Clarke came to widespread public attention for his counter-terrorism role in March 2004: He published a memoir about his service in government, Against All Enemies, appeared on the 60 Minutes television news magazine, and testified before the 9/11 Commission. In all three cases, Clarke sharply criticized the Bush administration's attitude toward counter-terrorism before the September 11 attacks, and its decision afterward to wage war and invade Iraq.

After leaving U.S. government, with U.S. government legal approvals, Clarke helped the United Arab Emirates to set up a cyber security unit intended to protect their nation. Years after Clarke left, some components of the program were acquired by a sequence of firms, and it is reported they eventually surveilled women's rights activists, UN diplomats, and FIFA officials.

==Background==
Richard Clarke was born to a worker in a chocolate factory and a nurse in Boston, Massachusetts, in 1950. He attended the Boston Latin School, where he graduated in 1968. He attended college at the University of Pennsylvania, where he received a bachelor's degree in 1972. He had been selected to serve in the Sphinx Senior Society.

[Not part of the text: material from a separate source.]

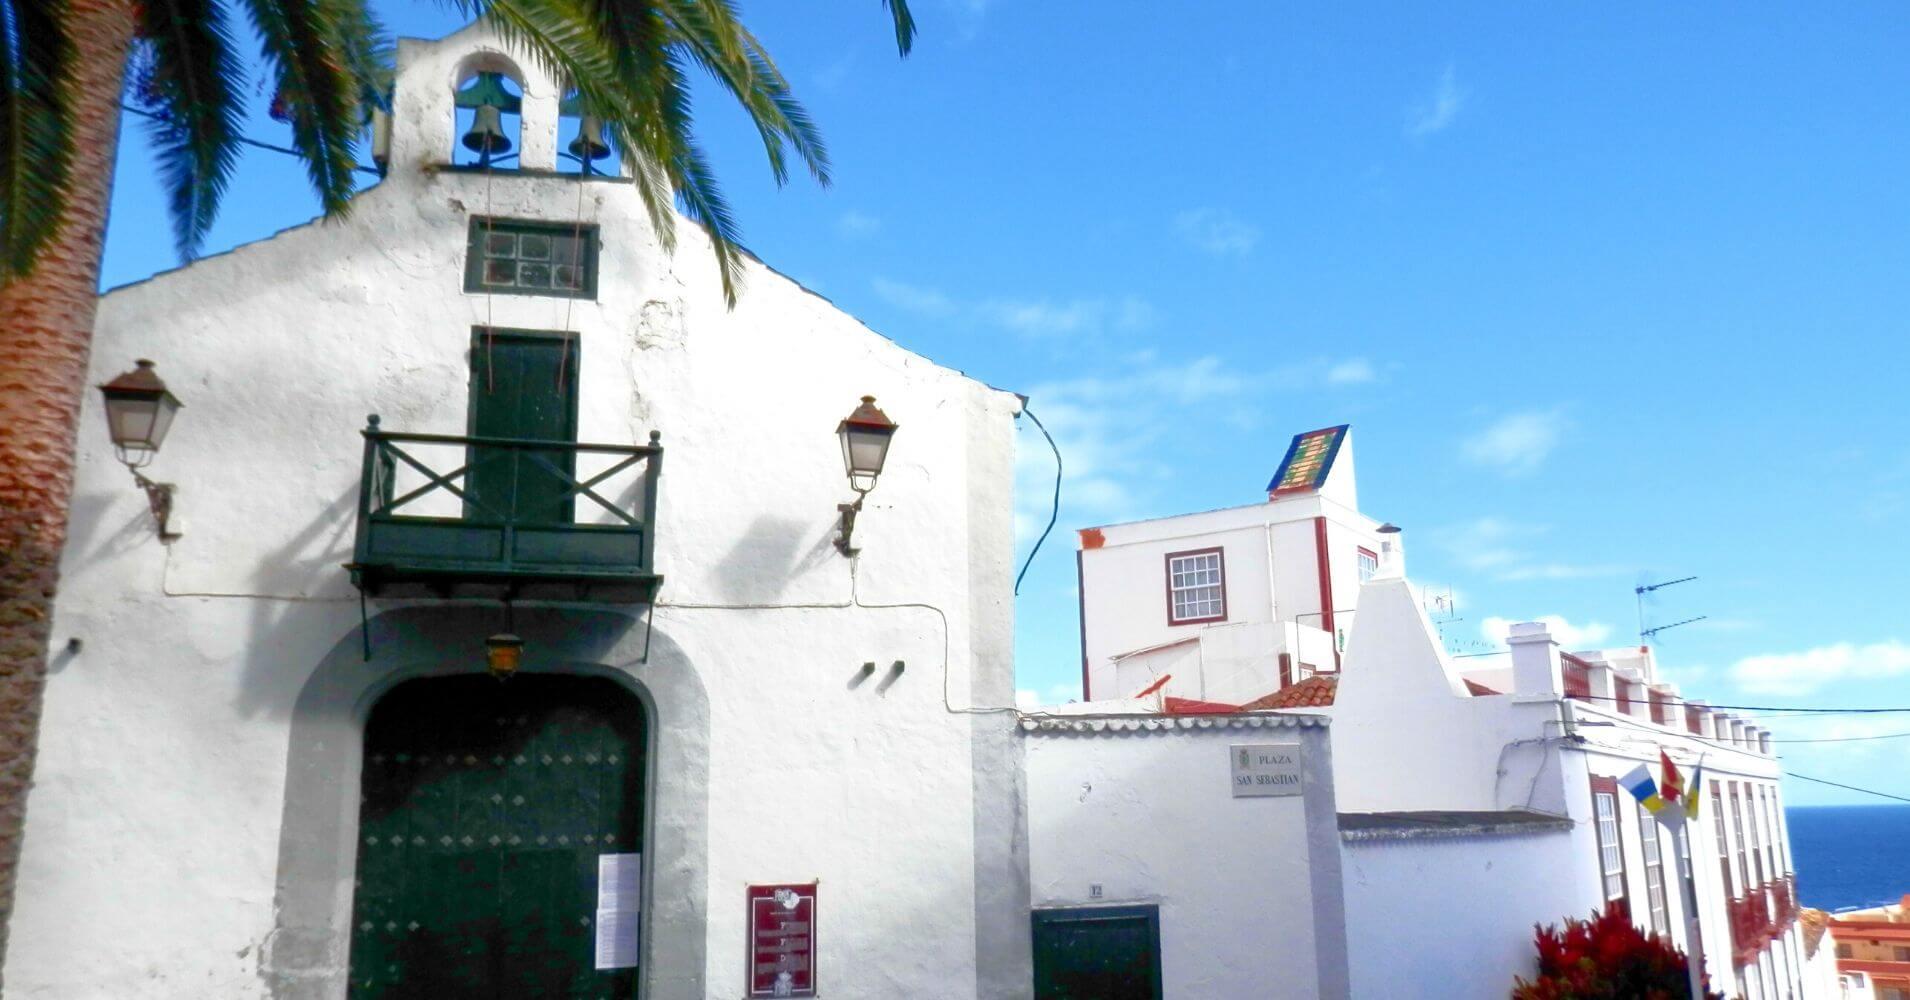 Ermita de San Sebastián. La Palma a ritmo lento, Islas Canarias.

After starting as a management intern at the U.S. Department of Defense and later working as an analyst on European security issues, Clarke went to graduate school. He earned a master's degree in management in 1978 from the Massachusetts Institute of Technology.

==Government career==
In 1973, Clarke began work in the federal government as a management intern in the Department of Defense. He worked in numerous areas of defense while in headquarters.

From 1979 to 1985, he worked at the Department of State as a career analyst in the Bureau of Politico-Military Affairs. Beginning in 1985, Clarke was appointed by the Ronald Reagan administration as Deputy Assistant Secretary of State for Intelligence—his first political appointee position as a Republican Party member.

During the administration of George H. W. Bush, he was appointed as the Assistant Secretary of State for Political-Military Affairs. He coordinated diplomatic efforts to support the 1990–1991 Gulf War and subsequent security arrangements.

Democrat Bill Clinton kept Clarke on in his administration, appointing him in 1998 as National Coordinator for Security, Infrastructure Protection, and Counter-terrorism for the National Security Council. In this position, he had cabinet-level access to the president.

Clarke continued as counter-terrorism coordinator at the NSC during the first year of the George W. Bush administration, but no longer had access, as the position's scope was reduced. His written recommendations and memos had to go through layers of political appointees above him. In 2001, he was appointed as Special Advisor to the President on cybersecurity and cyberterrorism. He resigned from the Bush administration in early 2003.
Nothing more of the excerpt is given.